Has anyone bought one of these and if so can you give me a review? I want this bike as a commuter for wet west coast weather


----------



## khill (Mar 4, 2004)

I have one. I've posted about it here a couple of times. If you do a search, the posts will probably show up.

I like it a lot. I use it for commuting primarily but it also gets ridden on longer weekend rides (sharing duty with my cyclocross bike). 

It's well-built and has a smooth ride. I'm running mine stock except for some kool-stop brake pads and 32mm panaracer urban max tires. I had SKS fenders on it for a while and they worked fine on rainy rides (although I had 28mm tires on it then).

I got it on ebay for very cheap (about 50% retail and barely ridden by first owner) and have been very happy with it.


----------



## RoyIII (Feb 24, 2007)

I just ordered one. Looked at one bigger than would fit me at Colonel's in Fort Worth and could not resist. It is exactly what I have been looking for. I'll post my impressions when I get it. The paint is cool, the teal color is beautiful. The classic lines just cry out for a Brooks saddle. It will be a couple of weeks. One question: how is the 42/16 gearing? Has anyone gone to a lower fixed gear?


----------



## single1x1 (Mar 26, 2005)

Saw a girl..
SS cross racer on a paddy wagon last winter, running a FW she was able to fit 30-32c ritchey speedmax cross tires, not a lot of clearance though, she was definatly running lower then 42/16 but with a FW. I personally like running a 39/16 when running my crosscheck on the road, but have thoughts of upping the cog to a 15t, for more potential speed. My approx. average speed on fairly flat ground is 18-21mph


----------



## thecrazyfinn (Apr 8, 2007)

I'm happily running 44/16 on my Steelwool (bought that over the identically priced Paddy Wagon, simply because of the more relaxed geometry).


----------



## khill (Mar 4, 2004)

RoyIII said:


> One question: how is the 42/16 gearing? Has anyone gone to a lower fixed gear?

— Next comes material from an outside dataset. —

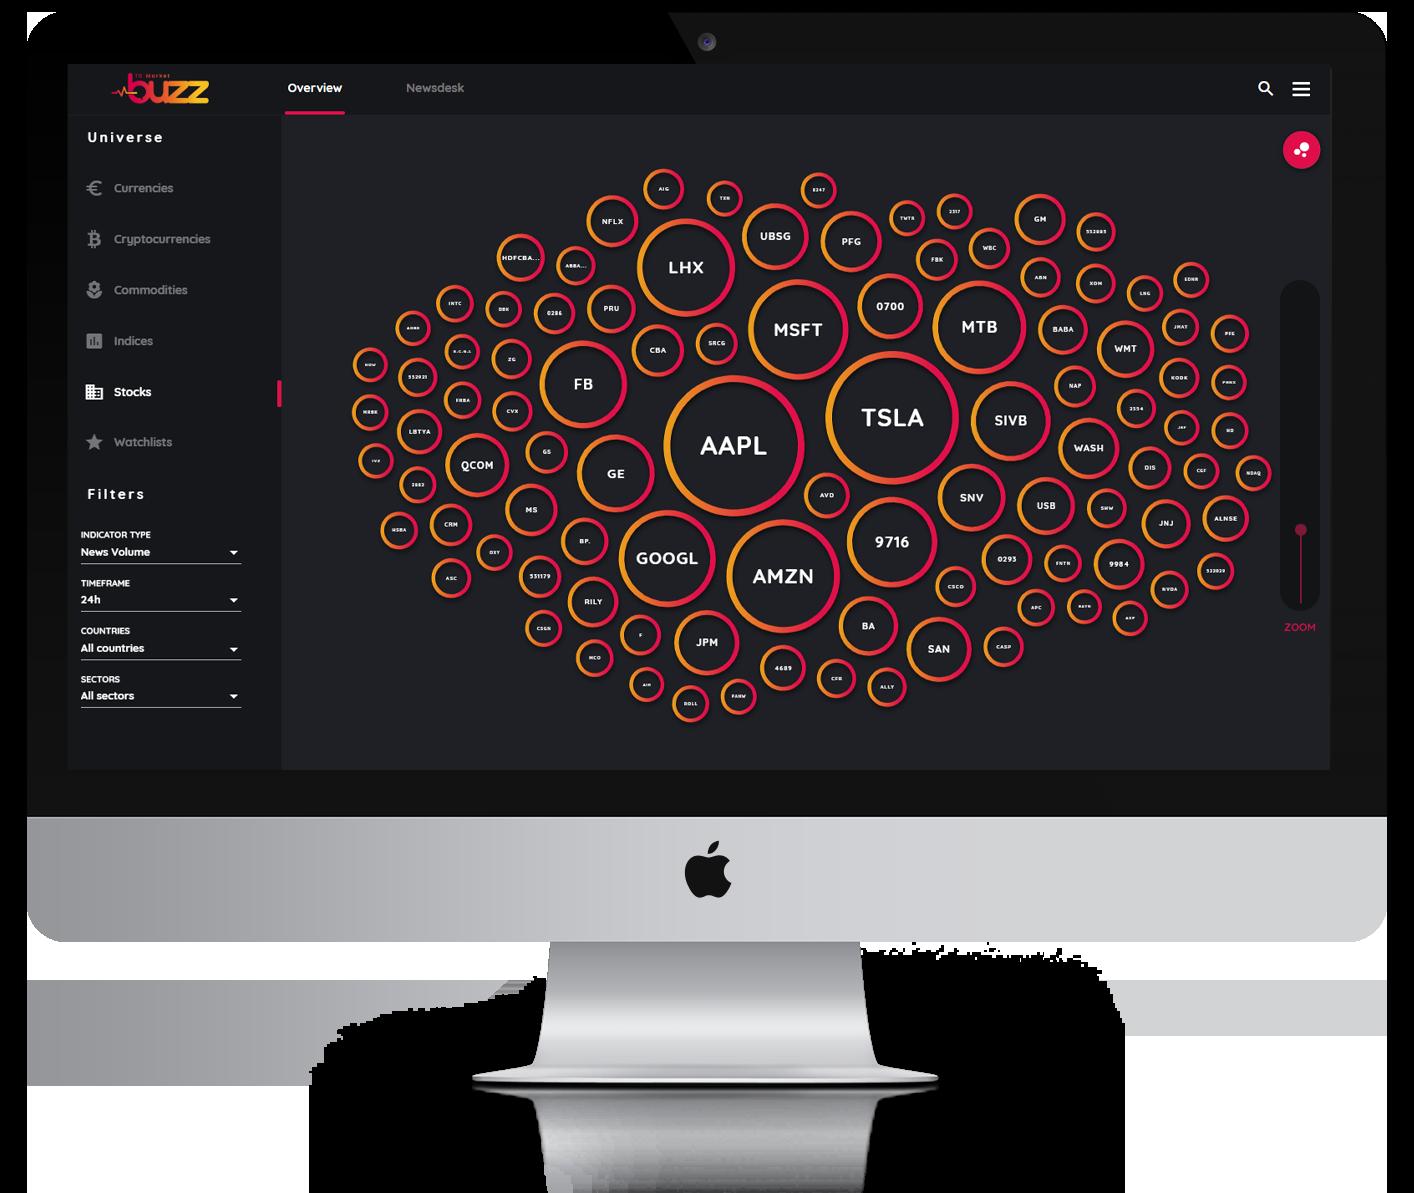 TC Market Buzz desktop mock up. Explore trending stocks based on the news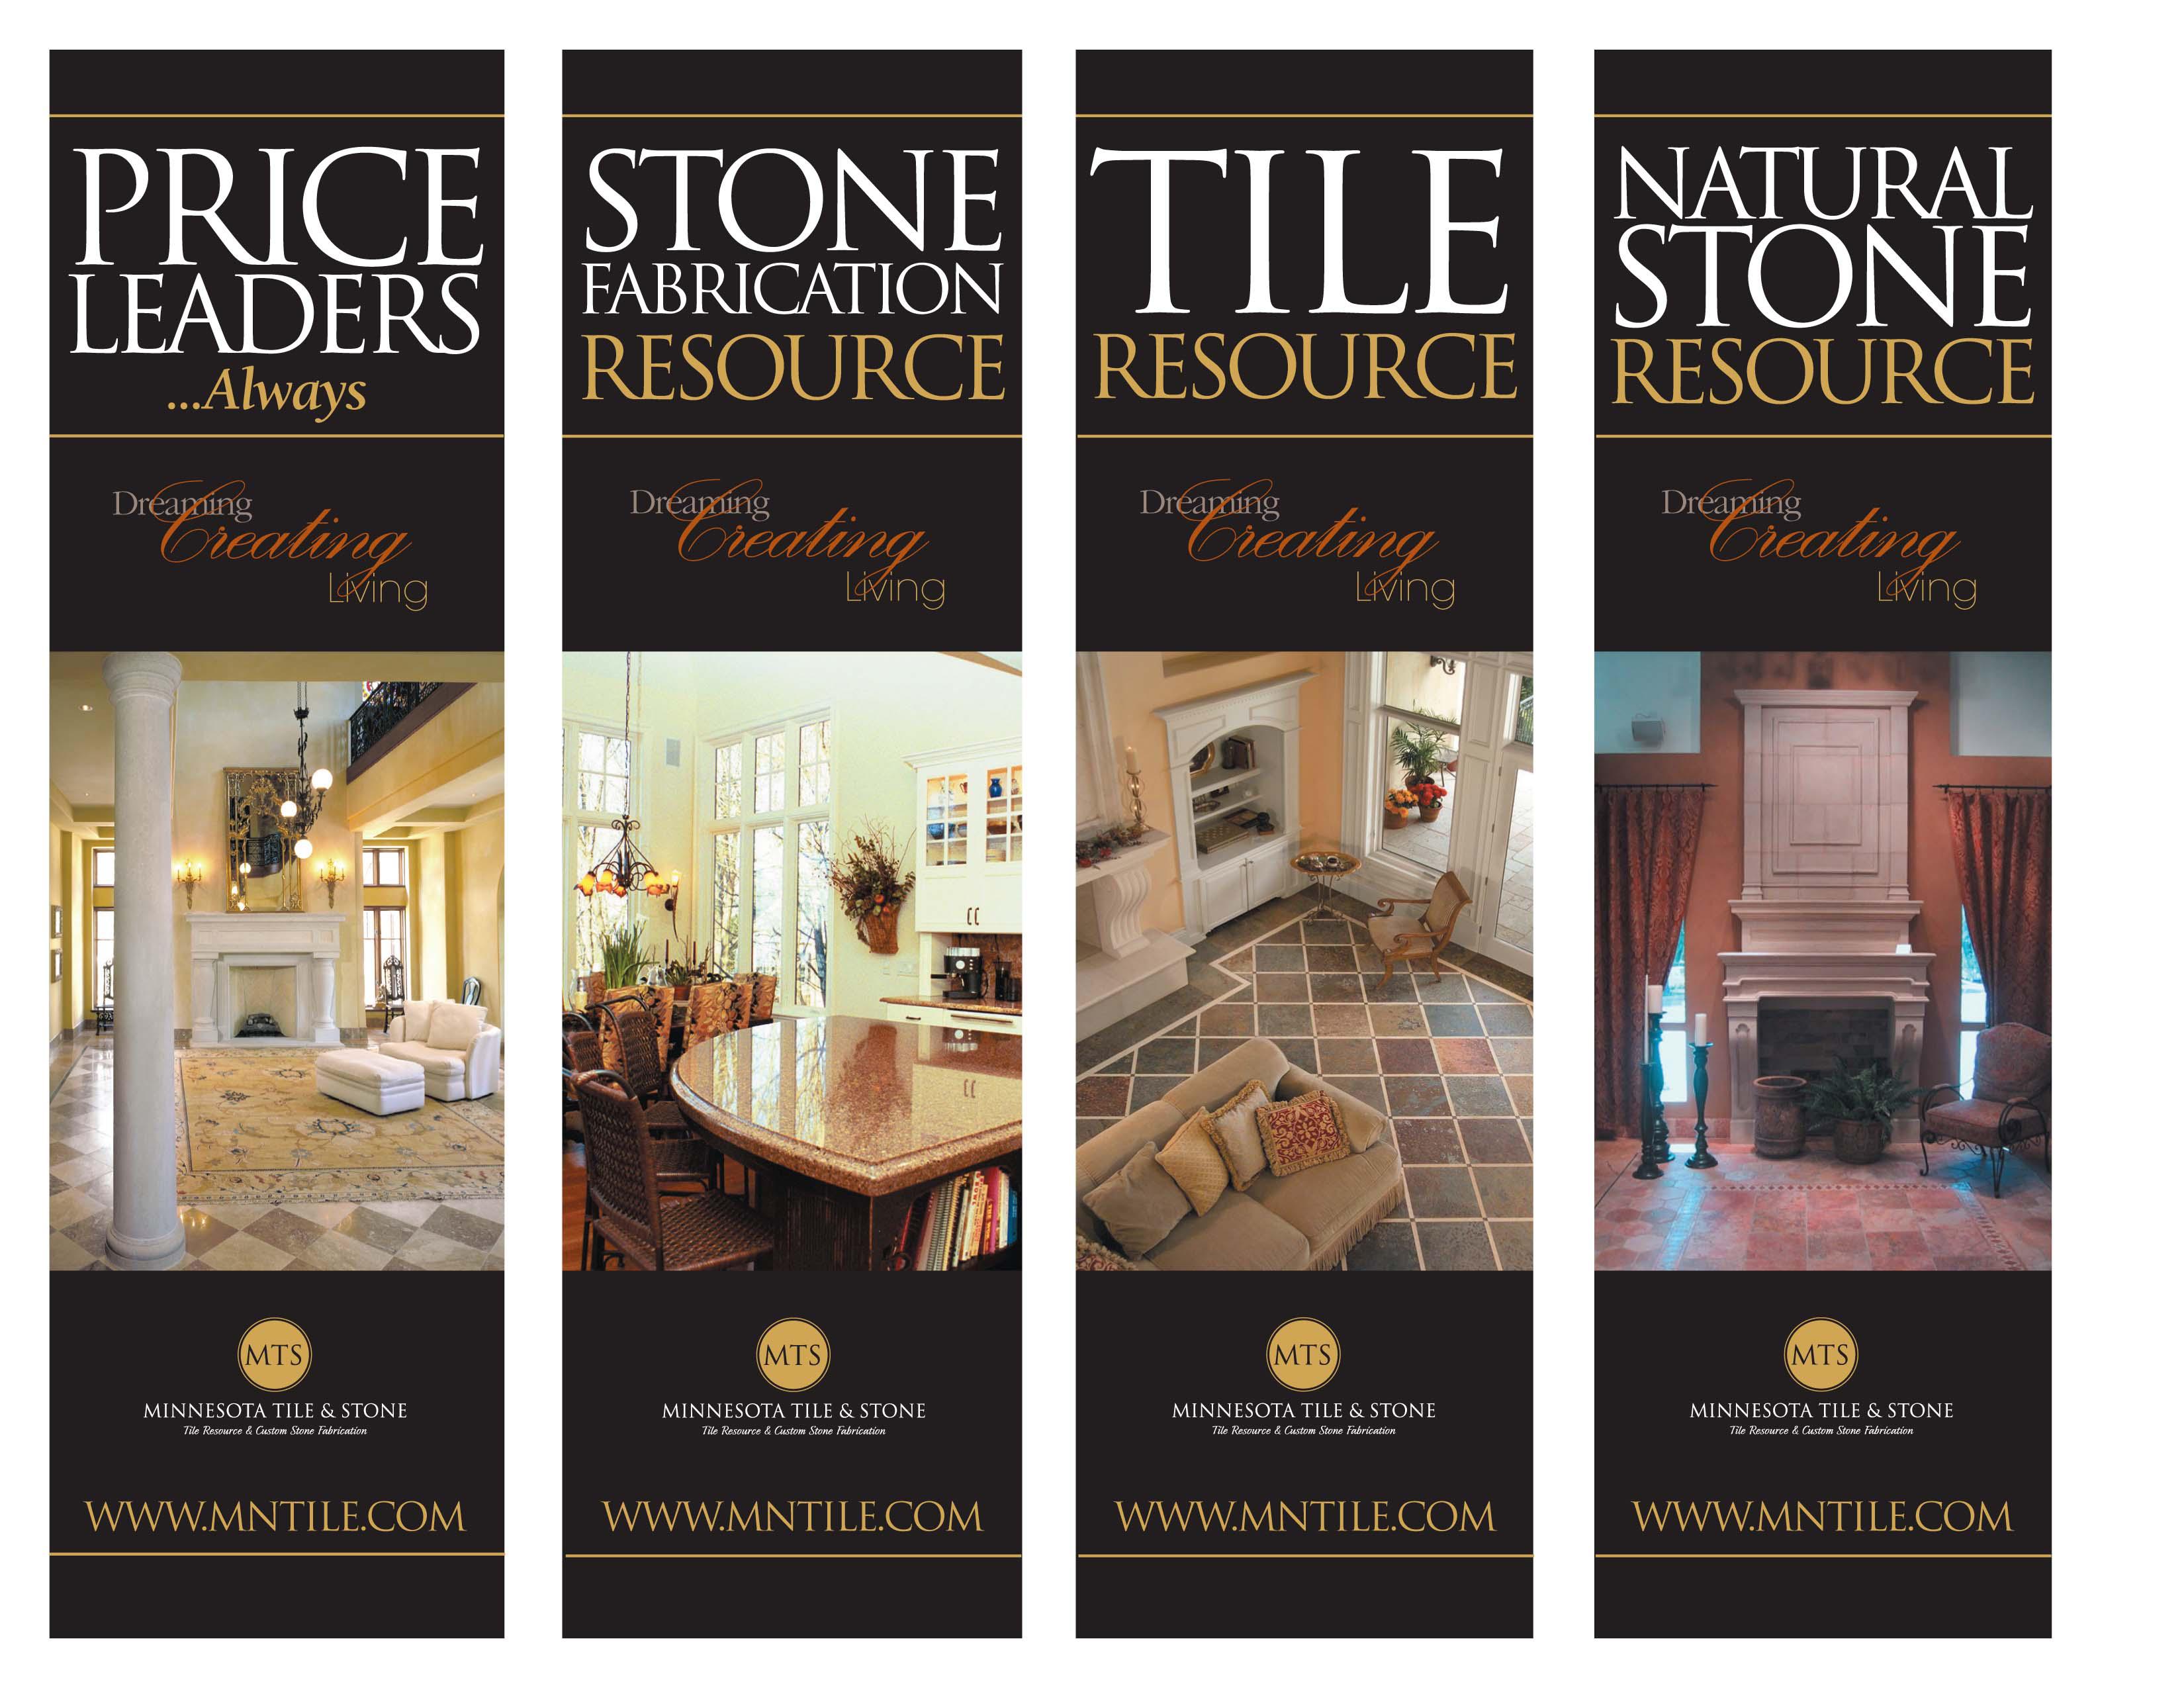 Minnesota Tile & Stone Banners.jpg

I think the gearing is perfect for my local terrain. I live in an area of rolling hills with some longer climbs (river valleys and the last remnants of the Appalachian foothills) and the gearing is just right - not so low that I can't go downhill fast and not so high that I have to walk hills. 

I ride fixed 100% of the time so I can't comment on the stock freewheel gearing.

I think the gearing really depends on your terrain and fitness level.


----------